Google doesn't want to fall behind , stay 5 At the end of the month, I released my text to image model Imagen, It seems to further expand the subtitle conditions （caption-conditional） The boundary of image generation .

Just give a description of the scene ,Imagen Can produce high quality 、 High resolution images , Whether this scenario is logical in the real world . The following figure for Imagen Several examples of text generated images , The corresponding subtitles are displayed below the image .

These impressive generated images make people want to know ：Imagen How does it work ？

In the near future , Developer lecturer Ryan O'Connor stay AssemblyAI Blog wrote a long article 《How Imagen Actually Works》, Read in detail Imagen How it works , Yes Imagen Gave an overview , Analyze and understand its high-level components and the relationship between them .

Imagen Working principle overview

In this part , The author shows Imagen The overall structure of , And made a high-level interpretation of other working principles ; Then it analyzes more thoroughly Imagen Every component of . The following dynamic diagram shows Imagen workflow .

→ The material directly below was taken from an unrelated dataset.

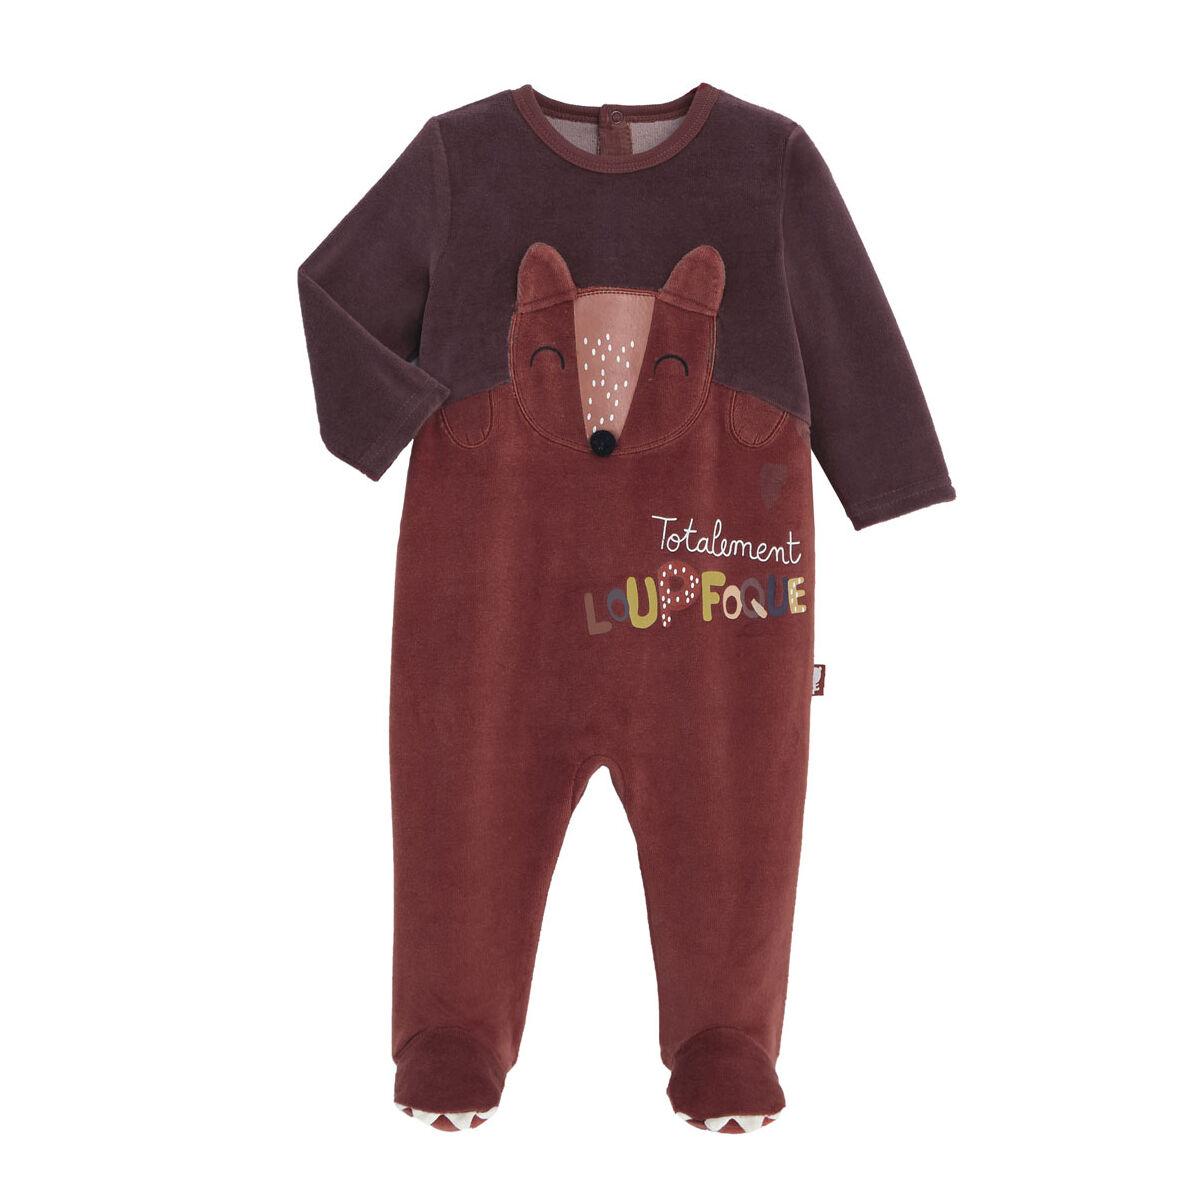 Petit Béguin Pyjama bébé en velours contenant du coton bio Loupfoque - Taille - 18 mois

First , Input subtitles into the text encoder . The encoder converts text captions into numerical representations , The latter encapsulates semantic information in text .Imagen The text encoder in is a Transformer Encoder , It ensures that text encoding can understand how words in subtitles relate to each other , Self attention method is used here .

If Imagen Focus on individual words rather than their associations , Although we can obtain high-quality images that can capture various elements of subtitles , However, the caption semantics cannot be reflected in an appropriate way when describing these images . As shown in the example below , If we don't consider the relationship between words , There will be completely different generation effects .

Although the text encoder is Imagen The subtitle input of generates a useful representation , However, it is still necessary to design a method to generate images using this representation , That is to say Image Generator . So ,Imagen Diffusion model is used , It's a generative model , In recent years, it has benefited from its multi task SOTA Performance and popular .

The diffusion model destroys the training data by adding noise to realize training , Then learn to recover the data by reversing the noise process . Given input image , The diffusion model will iteratively use Gaussian noise to destroy the image in a series of time steps , Finally, Gaussian noise or TV noise is left static （TV static）. The figure below shows the iterative noise process of the diffusion model ：

then , The diffusion model will be backward work, Learn how to isolate and eliminate noise at each time step , Counteract the destructive process that just happened . After training , The model can be divided into two . This can start with random sampling of Gaussian noise , Use the diffusion model to gradually denoise to generate an image , The details are shown in the following figure ：

All in all , The trained diffusion model starts with Gaussian noise , Then iteratively generate images similar to the training images . It's obvious that , Unable to control the actual output of the image , Just input Gaussian noise into the model , And it will output a random image that seems to belong to the training data set .

however , The goal is to create the ability to input into Imagen The semantic information of subtitles is encapsulated in images , Therefore, we need a method to merge subtitles into the diffusion process . How to do this ？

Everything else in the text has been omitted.